You might have heard creating a flame graph for Node.js is difficult, but that's not true (anymore). Solaris vms are no longer needed for flame graphs on linux!
- install lldb in your system (eg. with apt-get)
- install llnode according to readme llnode notes
- install linux-tools-common (eg. with apt-get)
- try running
perf
- it might complain about missing kernel modules, install them too - install stackvis
npm i -g stackvis
- run node with perf enabled
perf record -e cycles:u -g -- node --perf-basic-prof app.js
- disregard warnings unless they're saying you can't run perf due to missing packages; you may get some warnings about not being able to access kernel module samples which you're not after anyway.
- run
perf script
, but pipe it through some cleanup:perf script | egrep -v "( __libc_start| LazyCompile | v8::internal::| Builtin:| Stub:| LoadIC:|\[unknown\]| LoadPolymorphicIC:)" | sed 's/ LazyCompile:[*~]\?/ /' > perfs.out
explanation - run
stackvis perf < perfs.out > flamegraph.htm
Now open the flame graph file in your favorite browser and watch it burn. It's color-coded so you can focus on the most saturated orange bars first. They're likely to represent CPU heavy functions.
Worth mentioning - if you click an element of a flame graph a zoom-in of its surroundings will get displayed above the graph.
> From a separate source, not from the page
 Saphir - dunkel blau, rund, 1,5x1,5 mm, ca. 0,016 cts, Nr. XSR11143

perf record -F99 -p `pgrep -n node` -g -- sleep 3
Wait, what is that sleep 3
for? It's there to keep the perf running - despite -p
option pointing to a different pid, the command needs to be executed on a process and end with it. Just a convenient way to keep perf going for a given time.
Why is -F
(profiling frequency) set to 99? I honestly don't know, Netflix guys used that value. Results look good. You can adjust if you want.
After you get that 3 second perf record, proceed with generating the flame graph with last two steps from above.
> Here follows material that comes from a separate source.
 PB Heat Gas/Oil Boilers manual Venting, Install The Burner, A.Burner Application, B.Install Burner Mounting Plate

The long line of greps and seds after perf script
call is there to remove some V8 and node internals so that it's easier for you to focus on your JavaScript calls. These are only important if you are looking for an issue with Node internals.
If you read your flame graph and it seems odd, as if something is missing in the key function taking up most time, try generating your flame graph without the filters - maybe you got a rare case of an issue with Node itself.
--perf-basic-prof-only-functions
and --perf-basic-prof
seem like the only two you might be initially interested in for debugging your JavaScript code. Other options should only be useful for profiling Node itself, which is outside the scope of this howto.
--perf-basic-prof-only-functions
produces less output, so it's the option with least overhead.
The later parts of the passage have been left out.